From page to stage and from stage to screen…

The image shows what it used to be like. What it will look like again. A stage show. Dinner theatre. Damn Cheek’s finest. The Greensand band. And, just on the edge of the image, an audience member with tell tale cutlery and glass of wine.

For now, though, everything is on line, and dinner theatre is no exception so last night we presented Blessed Assurance as bring your own dinner theatre. Dinner theatre in the comfort of your home. Our second foray into Zoom theatre, with an audience of about 60, so similar numbers to our first outing. This was a different evening to the first one. On a Wicklow Hill was a two hander, a straight play. Blessed Assurance was a dramatic reading with live music and four actors, all in different places. And we had to adapt to no band – the time lag on Zoom makes playing or singing together a non starter. So we adapted – a cappella singing, solo sax, songs to backing tracks, handovers of phrases from one actor to another. All good fun, and pretty effective in the end. Never ones to shrink from a challenge, the Damn Cheek team came through.

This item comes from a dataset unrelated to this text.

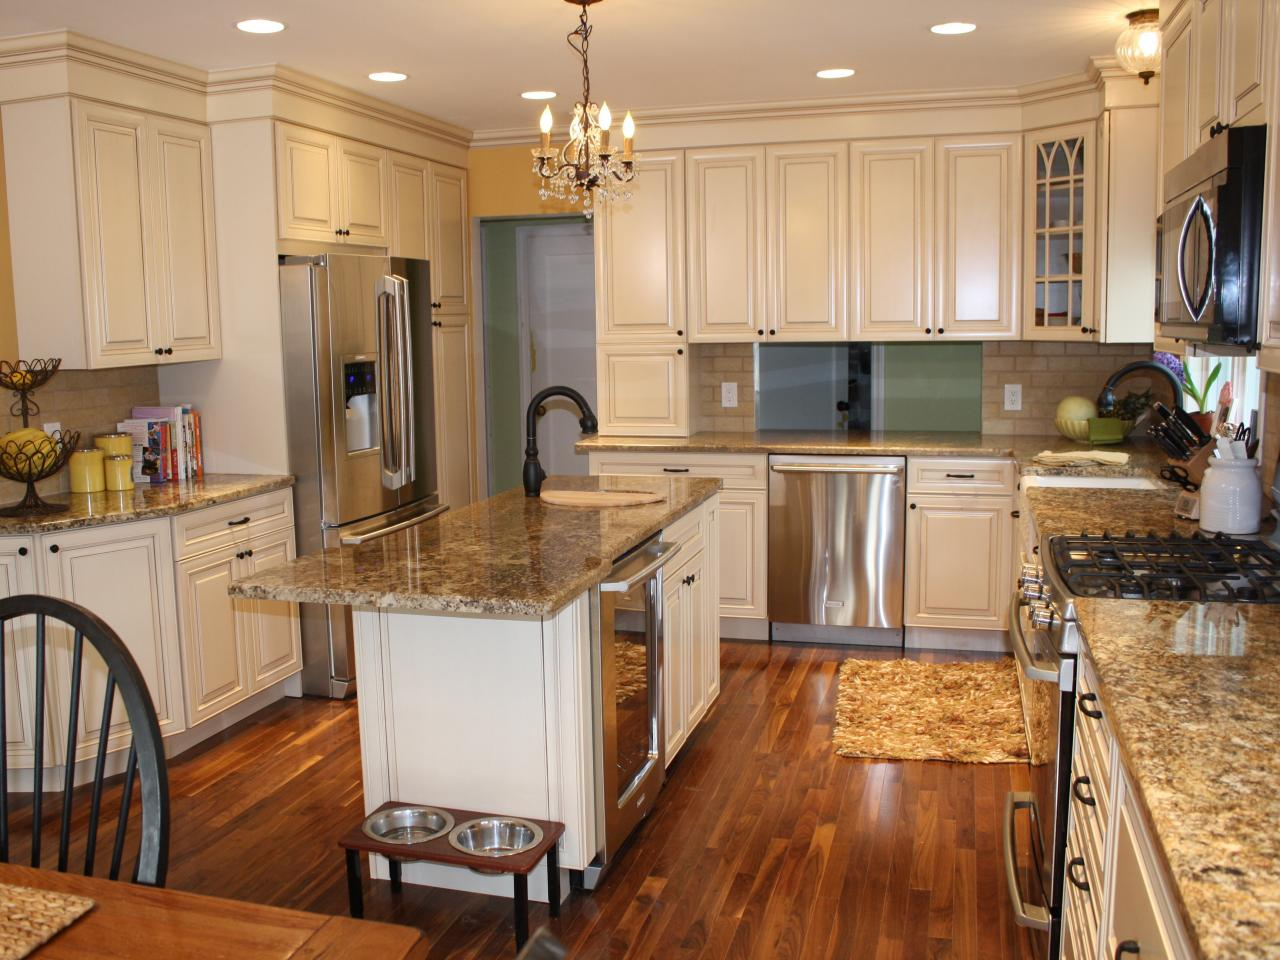 kitchen renovation ideas kitchen after WUYWPTB

Reactions have been positive, demand for further shows seems high and we’re working on that with plans to stage a master class of play development with my latest script, Preparing for Power, a staging of a revival of Collywobblers by Brendan Murray – a work from the 90s with resonance for today – and an exploration of psychosis in Diary of a Madman by Kelvin Segger. So, work to do.

In the meantime, there are poems to write, the next novel, and more ideas arising from the discussions at last night’s virtual after show party. A quiet life in lockdown?